▶ **Stored data**:
· · · · · · ·

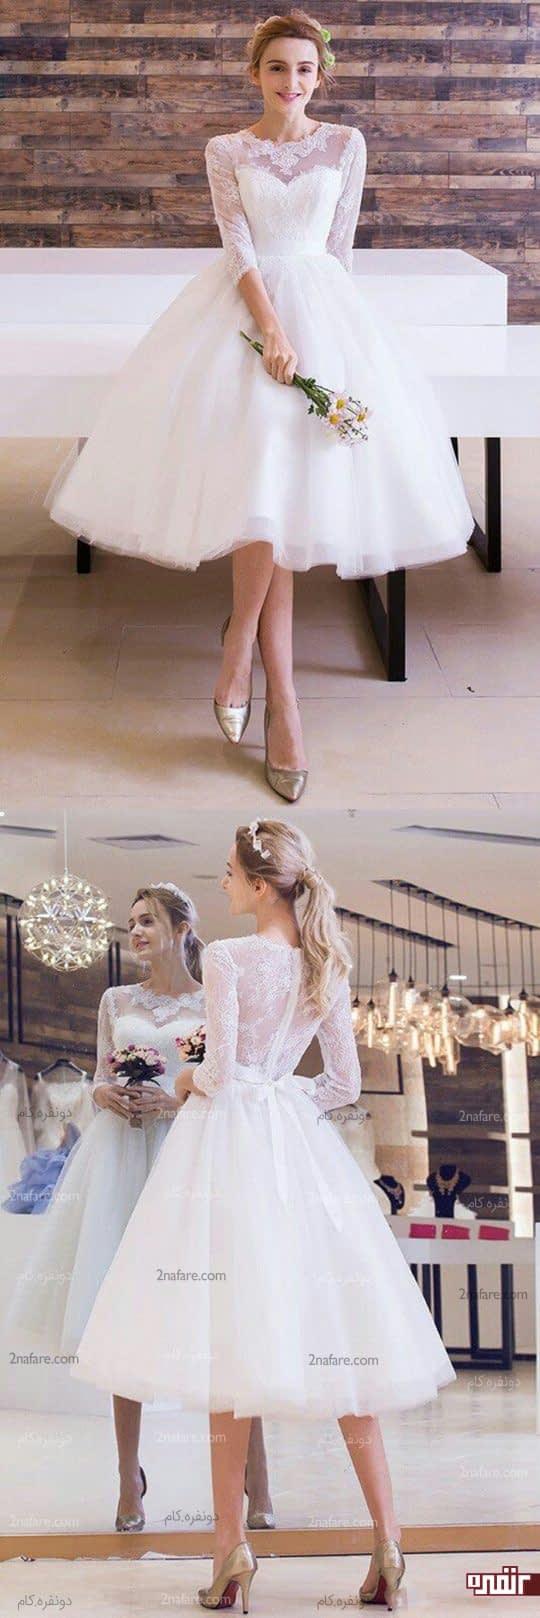 لباس عروس برای مراسم عقد
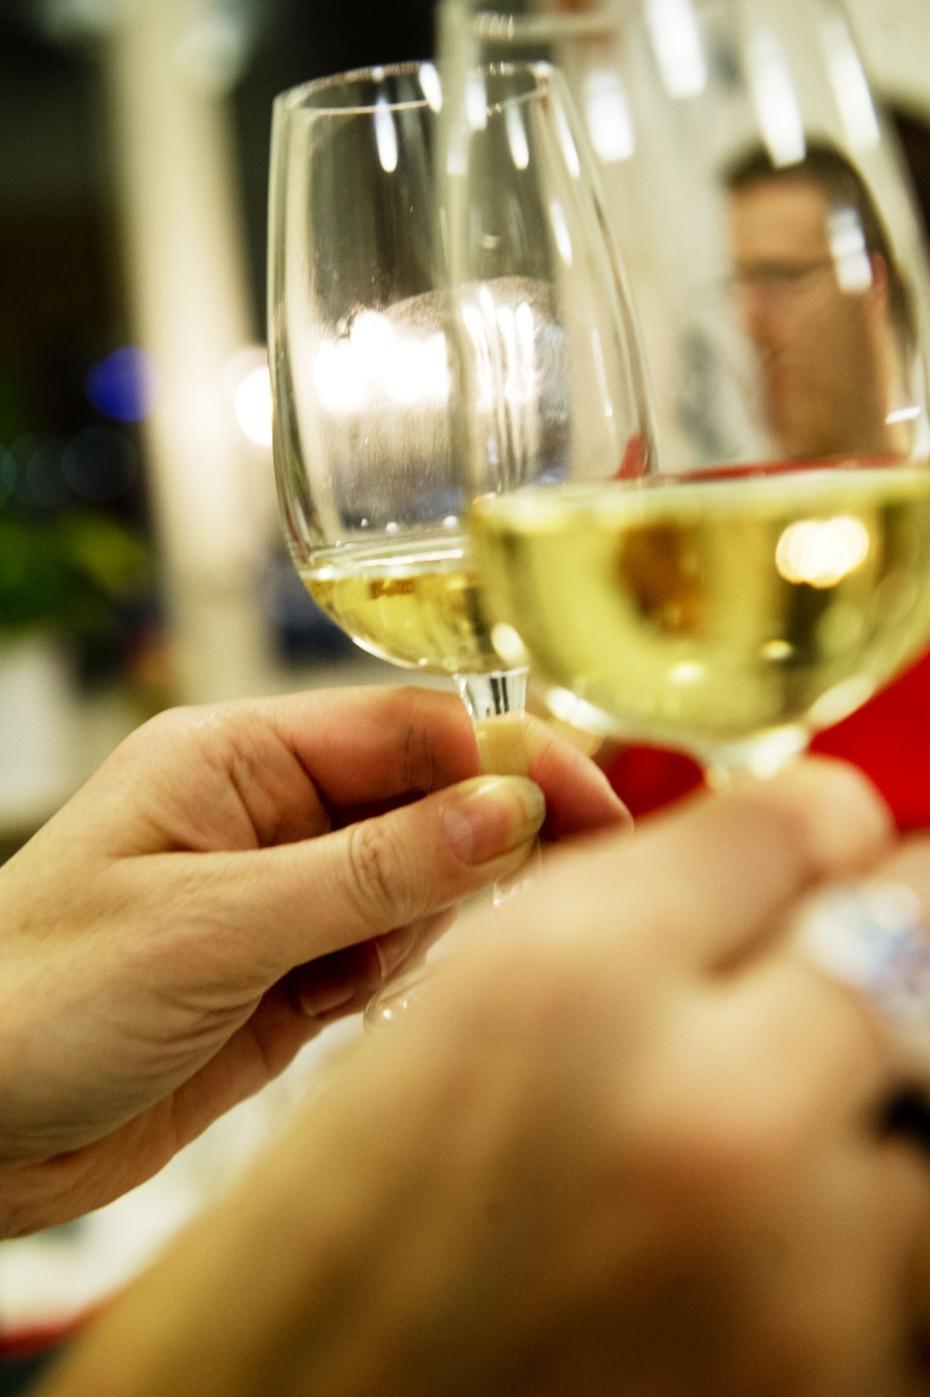 Gar champagnen att dricka eller salja
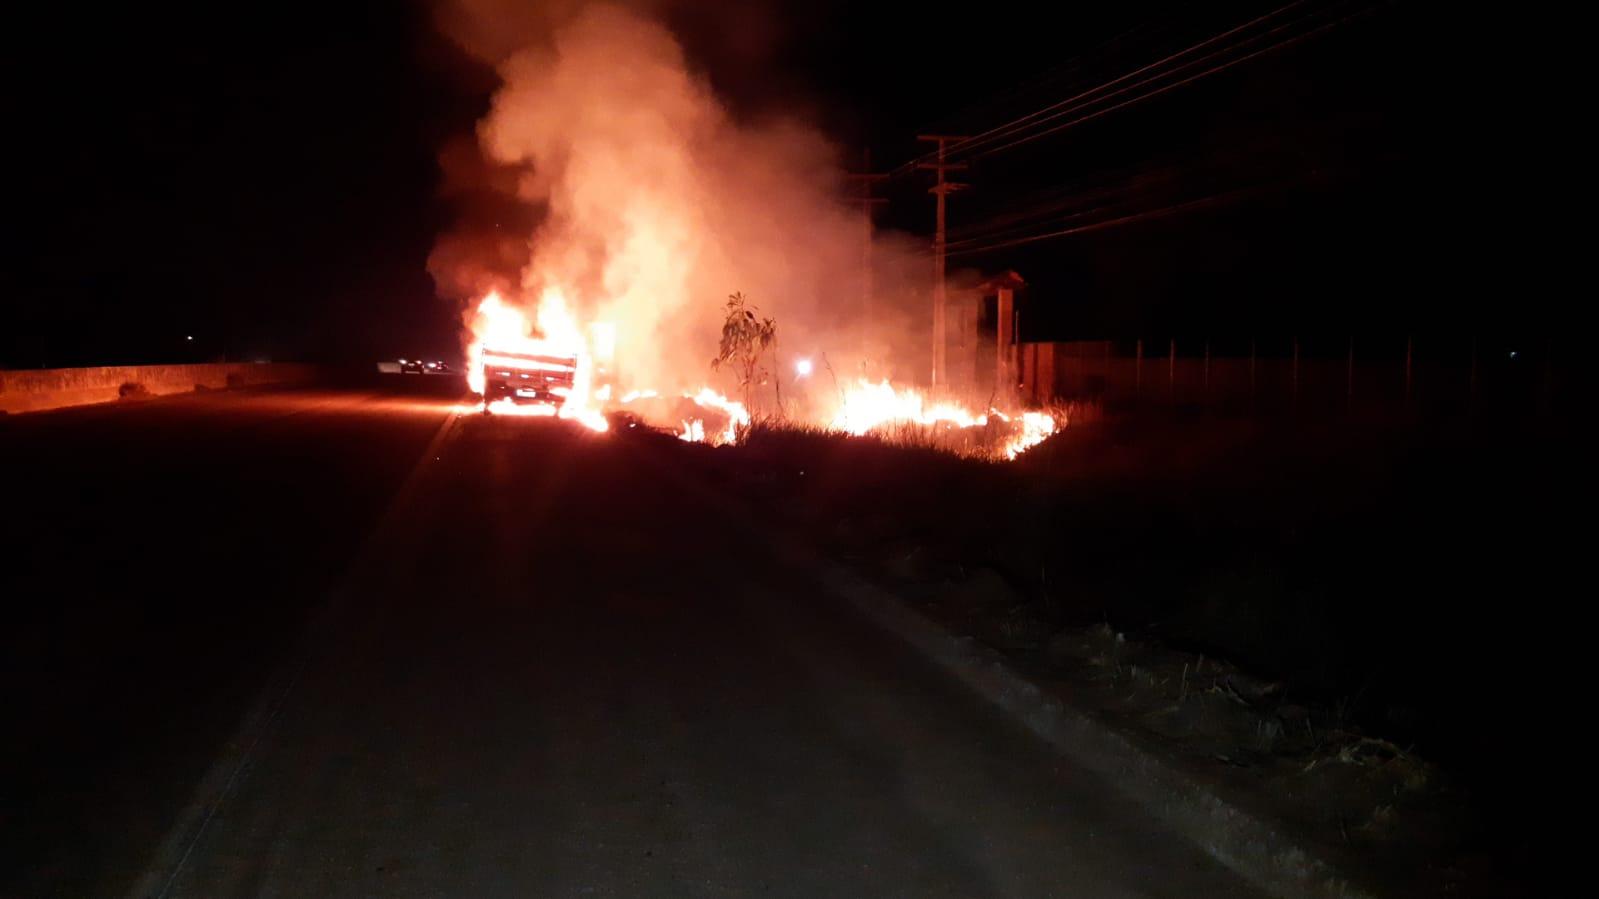 URGENTE – Caminhão está sendo destruído por incêndio em Porto Velho

· · · · · · ·

▶ **Try it**: None of the pictures should appear; copy the rest of the material above exactly.

▶ **Answer box**:
 لباس عروس برای مراسم عقد
 Gar champagnen att dricka eller salja
 URGENTE – Caminhão está sendo destruído por incêndio em Porto Velho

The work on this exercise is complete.